Most people tend to think of Brazilian cities as divided and violent, with especially high rates of gang-related gun deaths in and around the favelas. Certainly that was the impression I was starting to get. However, there was an excellent piece last year in The Economist on falling murder rates in Brazilian cities. Yes, that´s right, I said falling murder rates. And not just falling, plummeting.
However, as the article points out, the decline is largely due to a halving of the murder rate in Brazil´s second city, São Paulo. The Economist put this down to a combination of: tighter gun control; better policing (including community policing initiatives and a large new Murder Squad, which ¨uses computer profiling to spot patterns and to act preventively¨); and, a relative decline in the youth demographic as the baby-boom cohort of children born after the mass immigration from the 1970s ages – the gangsters are getting older and getting out of crime, and there are slightly fewer young recruits to replace them. But one note of caution is that this may all be the temporary result of one particular gang gaining a dominant and unchallengable position. My view (not The Economist´s) is that if this latter development is a genuinely long-term trend, it could either result in a move to more legal community development activities by the gang (as has happened in some US cities) or a more stable but persistant pattern of criminality such as that in exhibited by the endemic gang-cultures of Southern Italy or in Japan…
Of course, I should also note that these figures are official ones from the Ministry of Health and I have no idea yet how reliable are the collection or categorisation methods for crime statistics used by the Brazilian authorities.
(thanks to Rodrigo Firmino for this one)
My colleague, Konrad Miciukiewicz, writes:
“I would also add one of world’s highest GDP growth rates in Sao Paulo State and Lula’s welfare flagship Bolsa Familia bringing children back to schools from streets to the list of factors pulling down the homicide rate in the 40M Sao Paulo State.

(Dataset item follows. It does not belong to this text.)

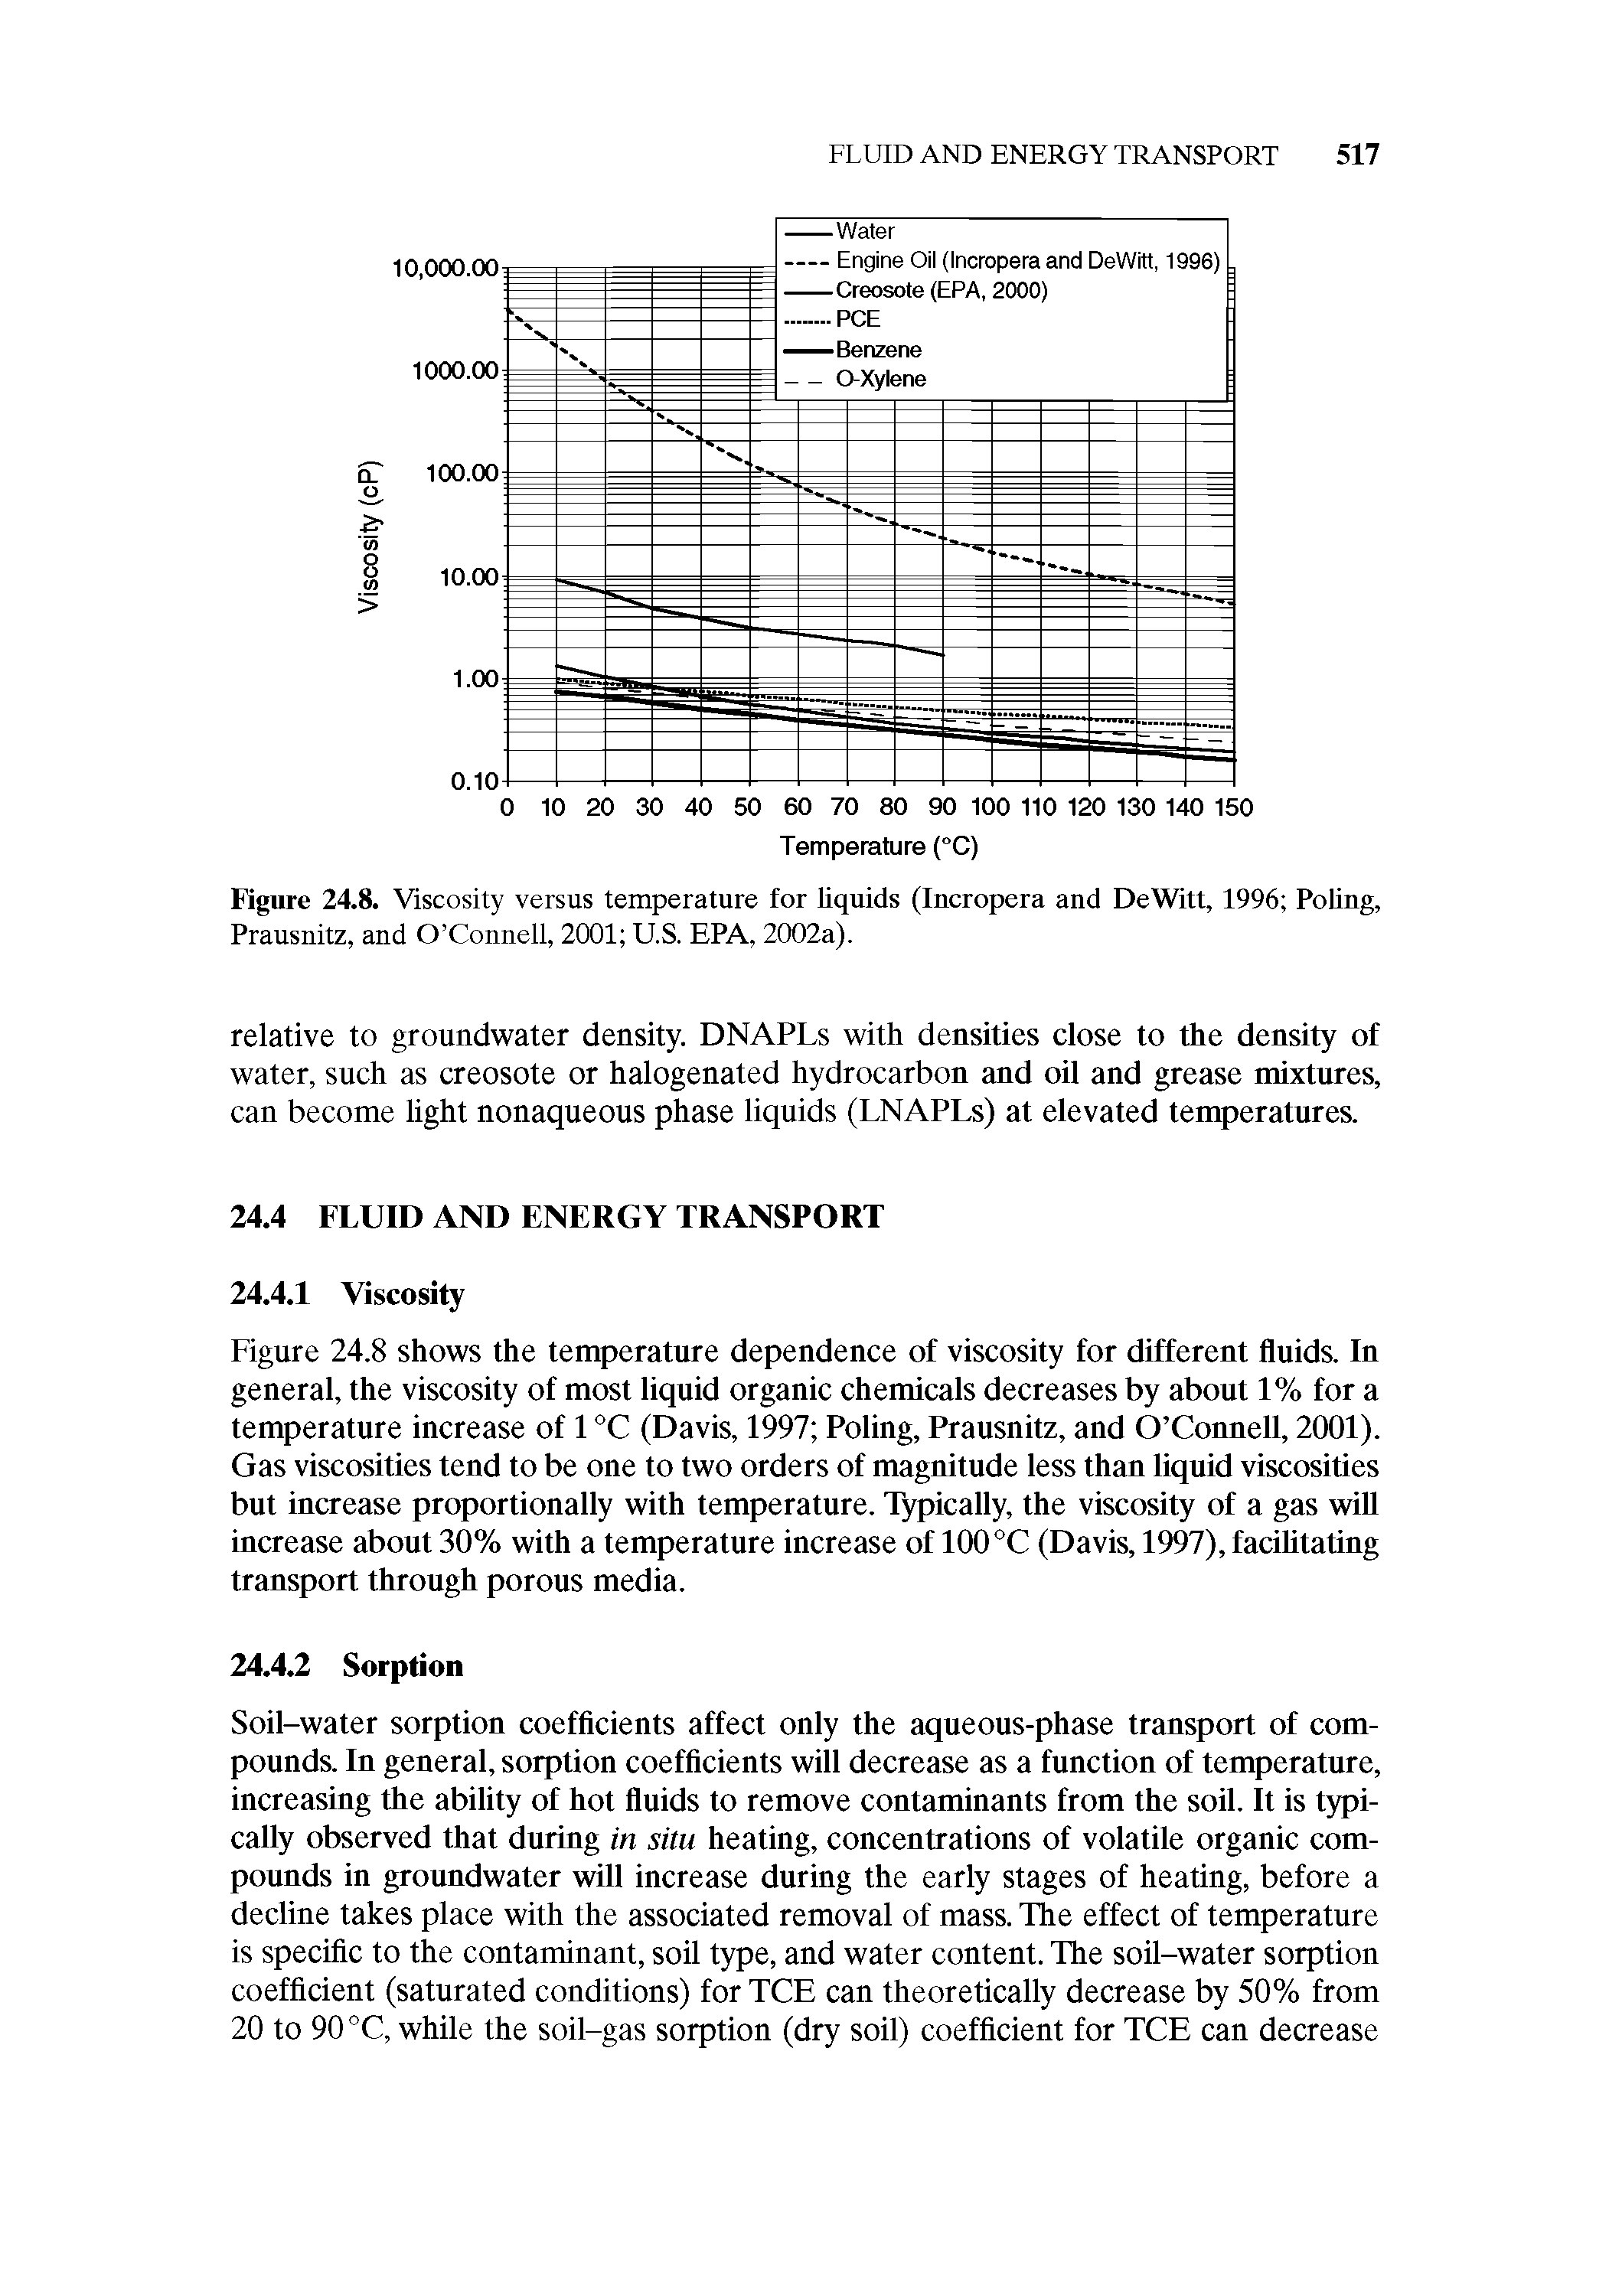 Figure 24.8. Viscosity versus temperature for liquids (Incropera and DeWitt, 1996 Poling, Prausnitz, and O Connell, 2001 U.S. EPA, 2002a).

However, if you look at other regions than South and South East (the biggest beneficiaries of world’s economic prosperity in the period) the situation does not look so promising. The curve for Brazil excluding Sao Paulo is quite stable.
The article from The Economist is also opposing another stereotype about violence in Brazil – that violence is a phenomenon of metropolitan areas where the drug business is accumulated wheras smaller municipalities in the interior are relatively safe.
Please look at this article. I wouldn’t stick to the numbers…. the methodology and source is not so reliable, but the general picture is interesting. As you can see only one of Brazilian big cities – Recife – can be found in the violence ‘Top 20’ whreas Rio and Sao Paulo are out of top 100.”
Interesing report, thanks Konrad – I have just got hold of the original study conducted for the Bazilian office of the Organização dos Estados Ibero-americanos (OEI) – I will report back on what I think later…
Hi David,
please also look at the bunch of World Bank’s resources on Bolsa Familia – Brazilian Welfare Product which has already been exported to 20 other countries incl the US
http://web.worldbank.org/WBSITE/EXTERNAL/COUNTRIES/LACEXT/BRAZILEXTN/0,,contentMDK:21447054~pagePK:141137~piPK:141127~theSitePK:322341,00.html
It would be very interesting to find out if/how Bolsa Familia has influenced street crime among children.
Thanks, Konrad. I have also found some very interesting research on the relationship between spending on security and crime rates. I´ll be posting something about that later today or tomorrow.
My colleague, Rodrigo Firmino, has posted a counterpoint to my musings – he notes that crime rates have been the number one reason for the growth in popularity of condominiums amongst the rich in Brazilian cities.